Deloitte estimates that $356 billion, or 15 percent, of the financial service industry's current cost base is expected to move offshore within the next five years. Further, the range and number of offshored job functions within individual institutions is expected to increase, with the average number growing from two to four functions per institution. In particular, the traditional focus on IT alone, which accounts for 70 percent of current offshore activity, will change to a business-process emphasis. Competitive pressures are the primary motivator for financial institutions to move higher-risk functions offshore.
The banking industry has a list of Offshoring Risks that is in need of greater care and oversight.
Domestic outsourcing and offshoring share most risk characteristics. However, the more complicated chain of control incurred when offshoring financial services and related data may create new risks when compared to domestic outsourcing. Offshoring also introduces an element of country risk to the outsourcing process. In particular, geographic distance from the function and timing lags in reporting heighten the potential risk exposures. Significant offshoring risk areas include:
Country Risk: political, socio-economic, or other factors may amplify any of the traditional outsourcing risks, including those listed below.
Operations/Transaction Risk: weak controls may affect customer privacy.
Compliance Risk: offshore vendors may not have adequate privacy regulations.
Strategic Risk: different country laws may not protect "trade secrets."
Credit Risk: a vendor may not be able to fulfill its contract due to financial losses.

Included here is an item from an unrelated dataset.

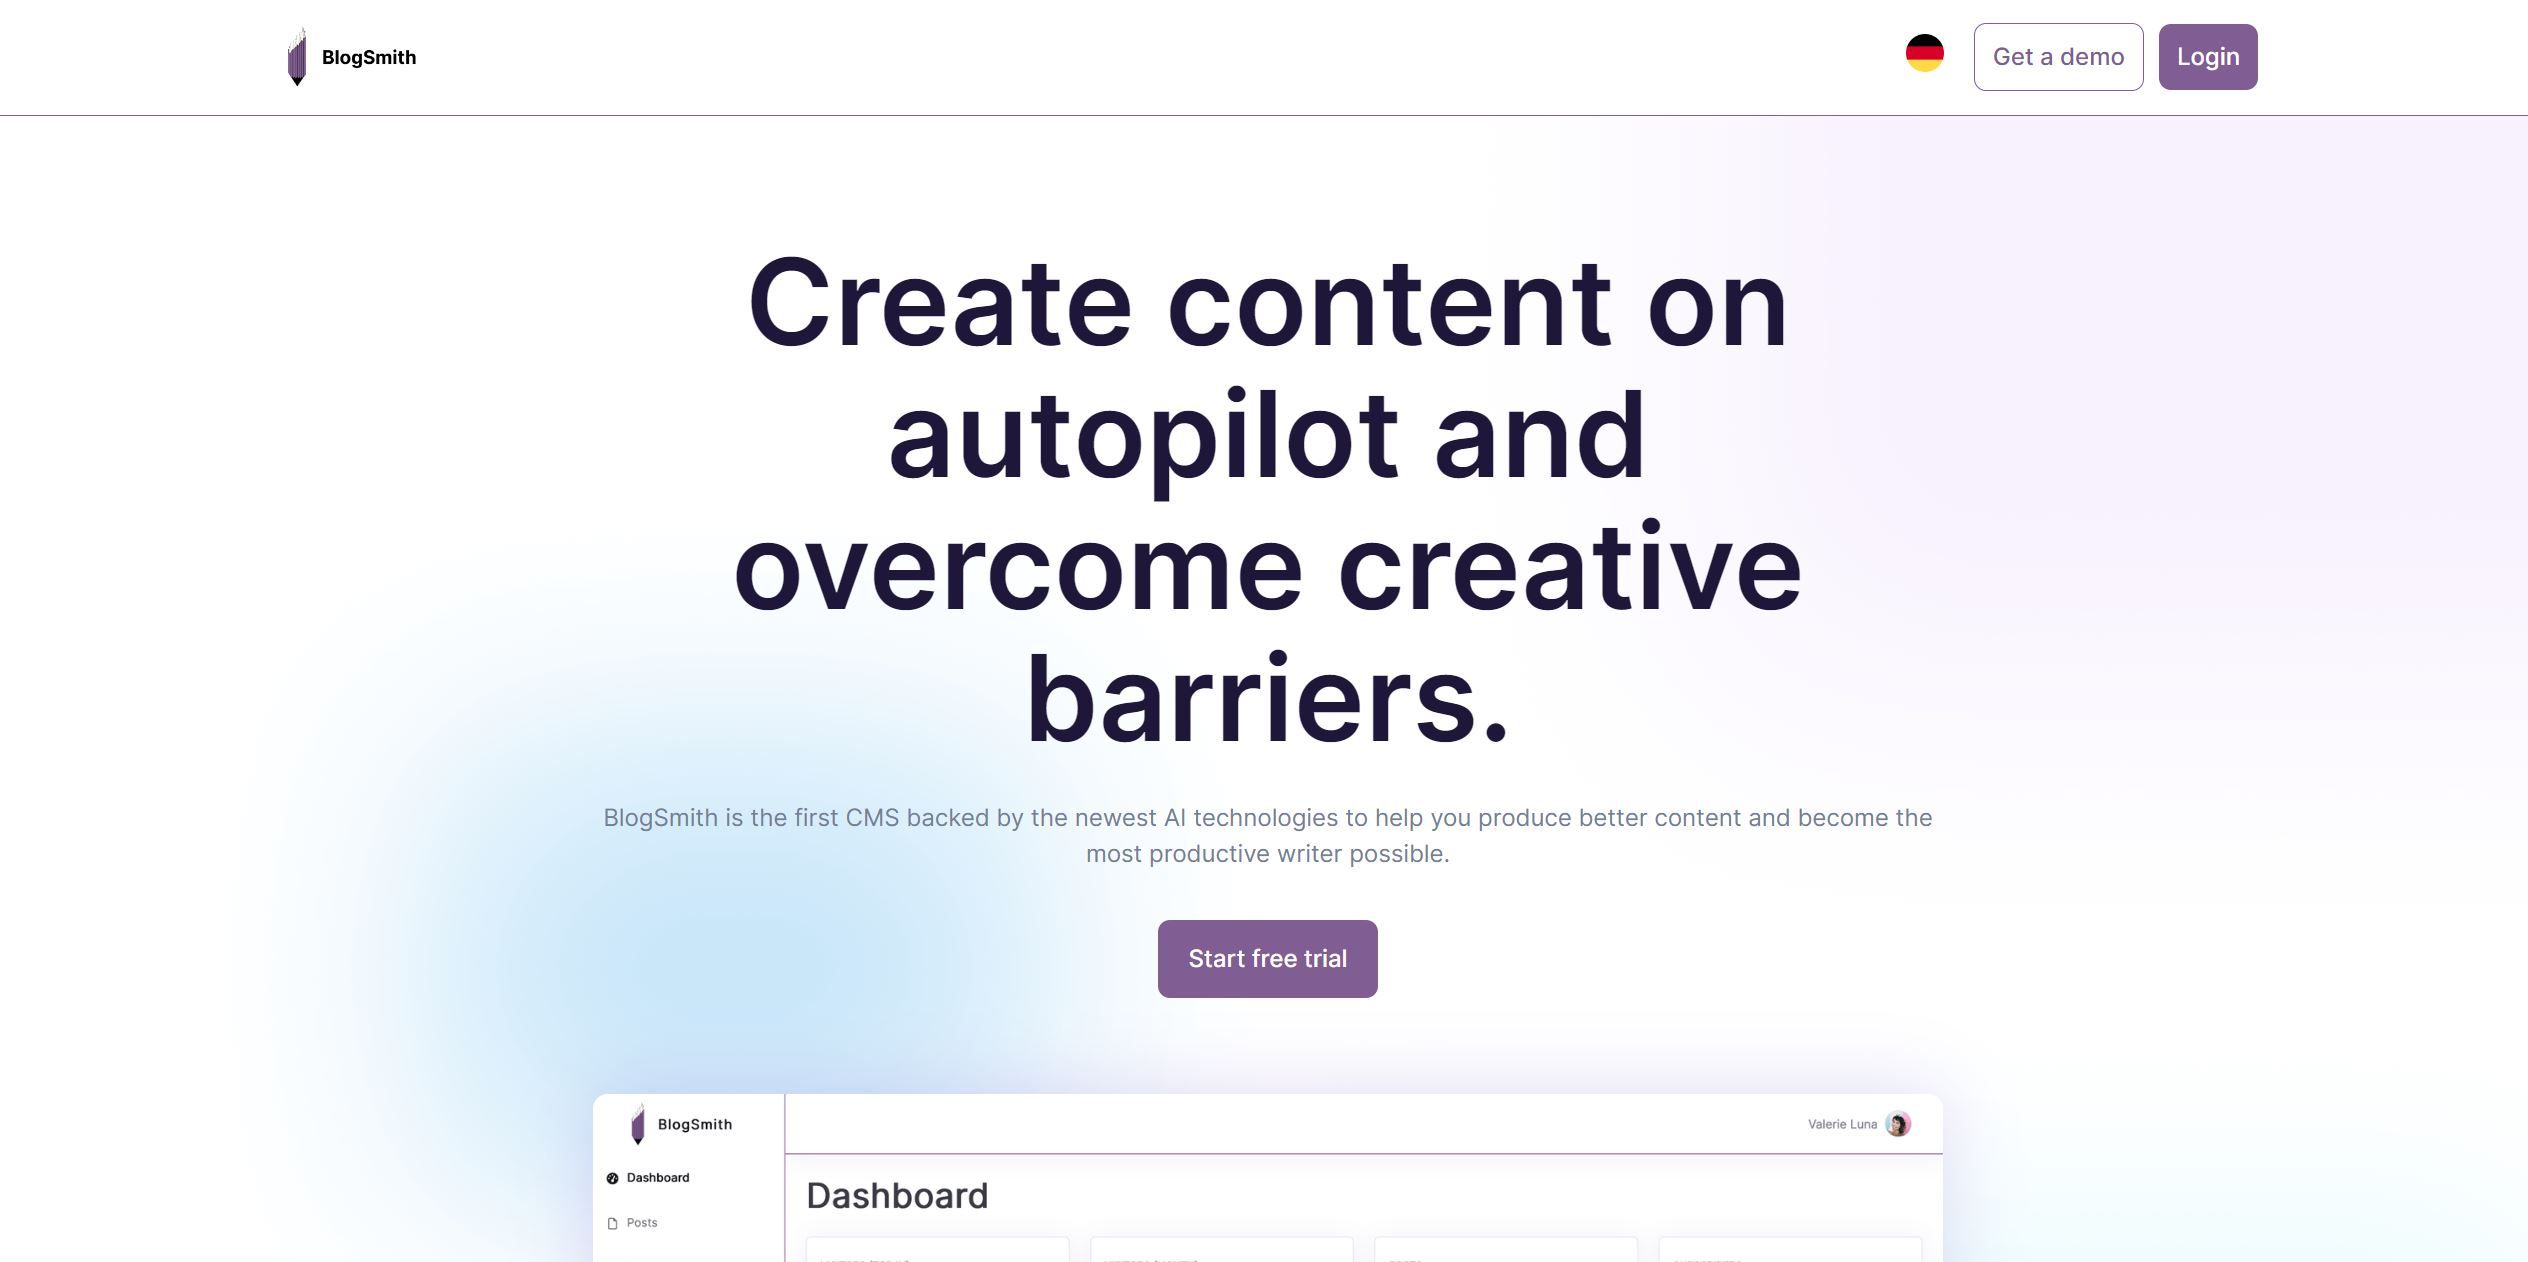  Cloud-based CMS for content creation and

It is currently standard FFIEC examination procedure for examiners to review outsourcing arrangements during examinations. Part of a standardized procedure should include:
- Identifying and reviewing contracts between financial institutions and data service providers that allow for subcontracting or subsequent outsourcing to occur;
- Determining whether subsequent outsourcing has in fact occurred as indicated in the contract or outside the terms of the contract;
- Determining if the financial institution is aware of the subsequent outsourcing and the location of the outsourcing; and
- Determining if the financial institution has procedures for monitoring all outsourcing arrangements to ensure adequate controls are in place or the service provider has proper procedures and controls to monitor their outsourcing arrangements.
We recommend that your CSO, CCO and General counsel revisit your last audit on high risk outsourced relationships such as customer data-base type work, including mortgage servicing and customer-assistance/help-desk services.